Cultivating Rights, Rooting Resilience: Forging Futures for Rights

Forging Futures for Rights

Feminist aspirations for a more just, liberational, and equitable future for all women push us to stand firm against any regression of hard-fought norms and standards. What currently exists is not enough; measures that tinker at the edges of inequality and discrimination proliferate and diminish concerted efforts at transformative and structural change, while longstanding norms and standards are emptied of their power and meaning. Too often, human rights are wielded as a tool to maintain existing power relations and the status quo, privileging some groups while discriminating against others based on their class, race, disability, Indigeneity, caste, religion, nationality, and other intersections where rights deficits occur, and where there is little effort to expand these protections to those more marginalised and less able to effect
change.

Our approach aims to explicitly and meaningfully transform the lives of those bearing the biggest
burden of the world’s inequalities. It rejects an approach to human rights that uses these instruments to maintain capitalism, patriarchy, militarism, and extractivism—permitting harm and loss of life, while protecting the futures of a small few.

This interference avoids delivering on the transformative reorientation of our political and
economic institutions that is needed to meet the scale and scope of the world’s problems. Alternative
and feminist rights frameworks already exist that, rather than maintaining the status quo, provide the
normative and legal underpinnings for a world where the needs and well-being of all people are met, no one is dispensable or disposable, and planetary boundaries and diverse ecosystems are protected for current and future generations. These are futures that we must forge, and those futures must inform how we interpret and apply human rights norms and standards today.

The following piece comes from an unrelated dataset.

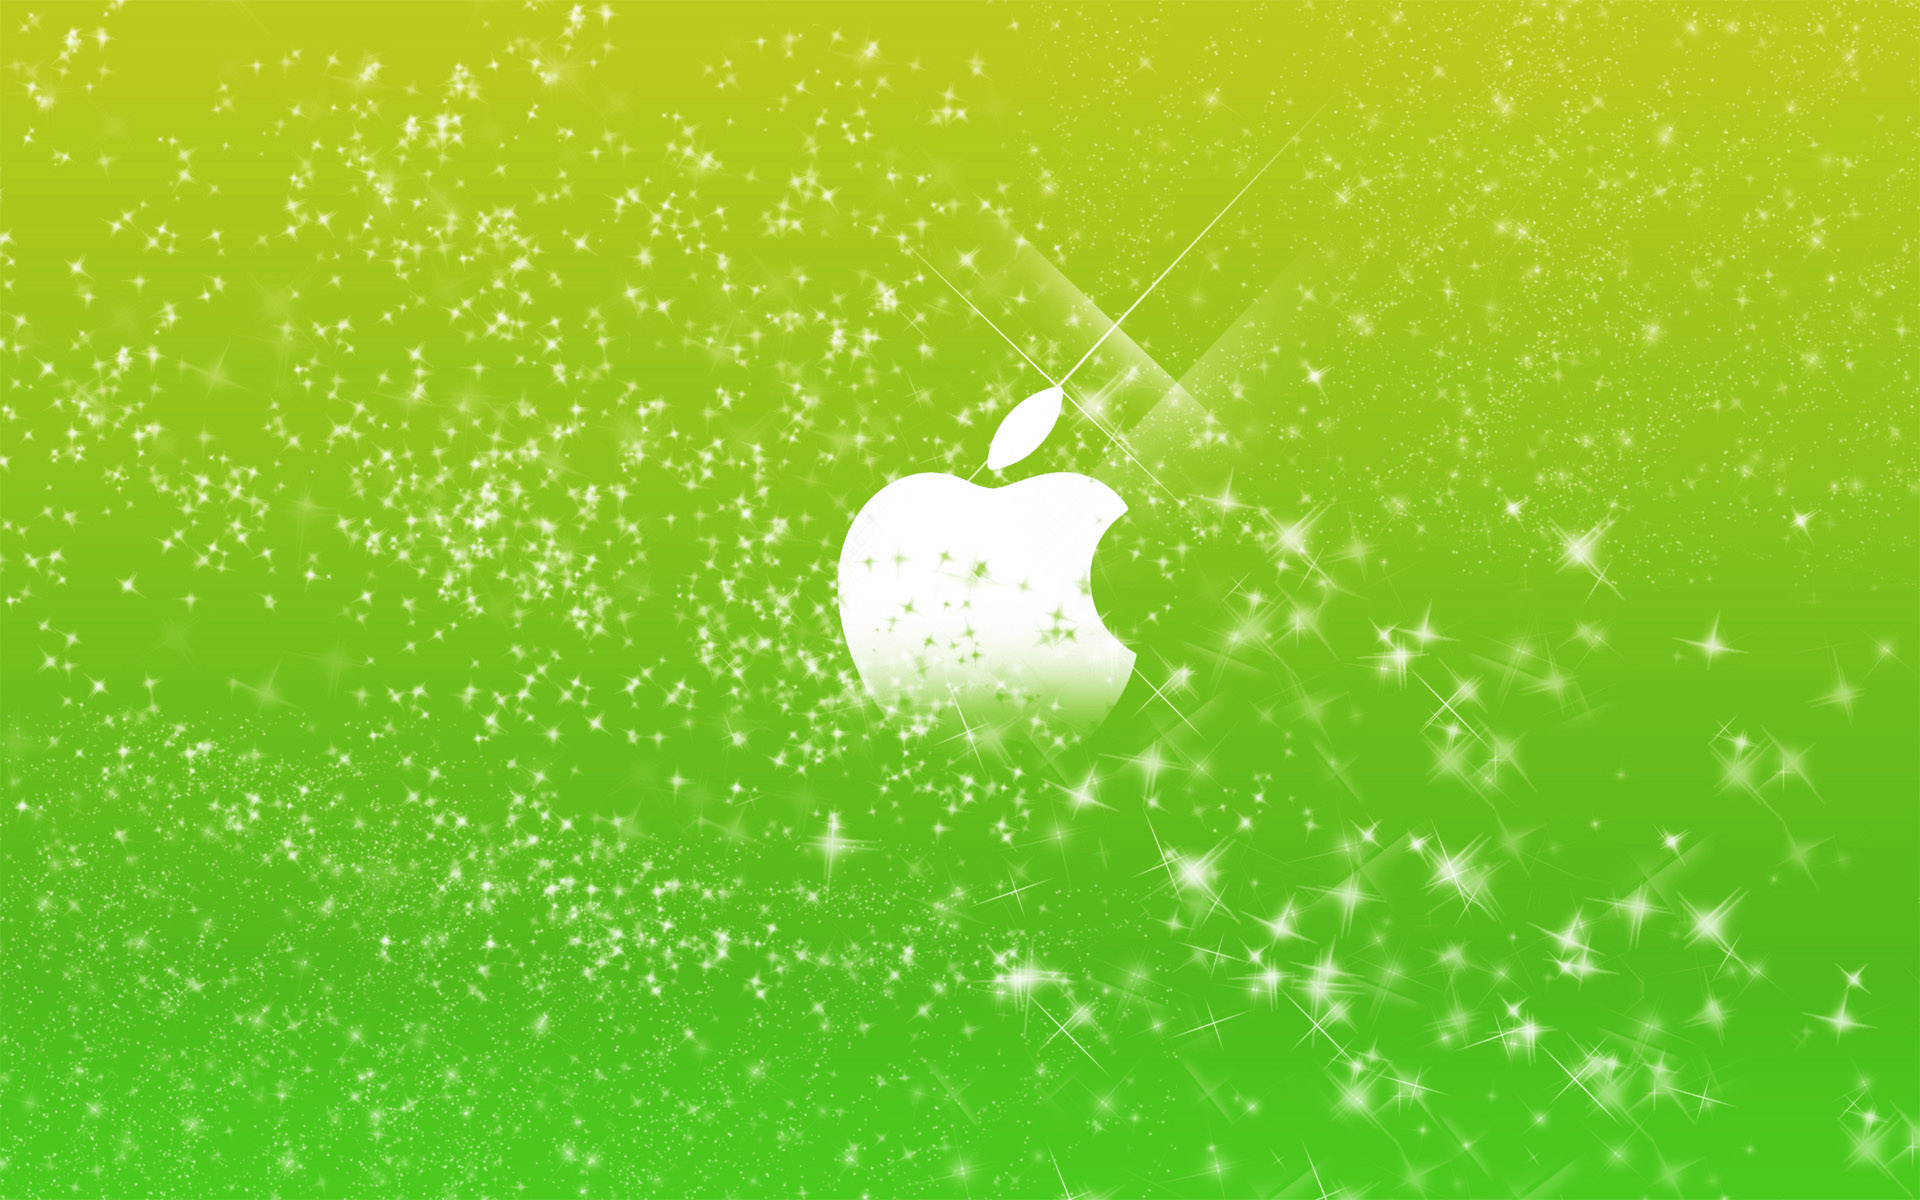 Nếu bạn yêu thích hiệu ứng lấp lánh, thì hình ảnh Green Glitters Apple này chắc chắn sẽ thu hút bạn. Không chỉ có mặt lấp lánh rực rỡ, táo xanh tươi còn là điểm nhấn hoàn hảo mang lại sự tươi mới và sáng tạo cho màn hình của bạn.

IWRAW Asia Pacific has over three decades of experience in clarifying and enhancing women’s human rights by partnering with norm-setting bodies, such as CEDAW, to push forward human rights standards, mechanisms and movements to reach their aspirational potential of substantive equality for all. his means co-creating in partnership with critical constituencies the strategies, evidence base, concepts and practices needed to infuse international human rights standards and institutions with the necessary structural, internationalist feminist politics.

It means using already-existing alternative frameworks on rights and equality to respond to the structures and specific contexts that significantly diminish women’s human rights and gender equality. However, it also means innovating in new areas and with new concepts and practices to meet today’s and tomorrow’s realities, including towards a whole systems approach to solving inequality issues for women, and to actively challenge the singularity in approach of using legal solutions and shift attention towards non-law approaches in building transformative change in ideology and practices. We will build our own capacity, contributing to and co-creating feminist knowledge and conceptual resources on phenomena, systems, and institutions that are currently under explored but necessary for forging feminist futures for rights.

Outcomes

  • Global South feminist realities and voices are embedded in the co-creation of norms and alternative solutions leading to transformative change on women’s human rights, gender equality, and accountability of non-state actors.
  • Built capacity and resources with our partners on transformative norms and practices for just and inclusive feminist futures based on care, solidarity,substantive equality, justice and freedom from violence.
  • Creative and visionary alternative feminist spaces are sustained to strengthen collective action on new and emerging issues affecting the vision of feminist futures.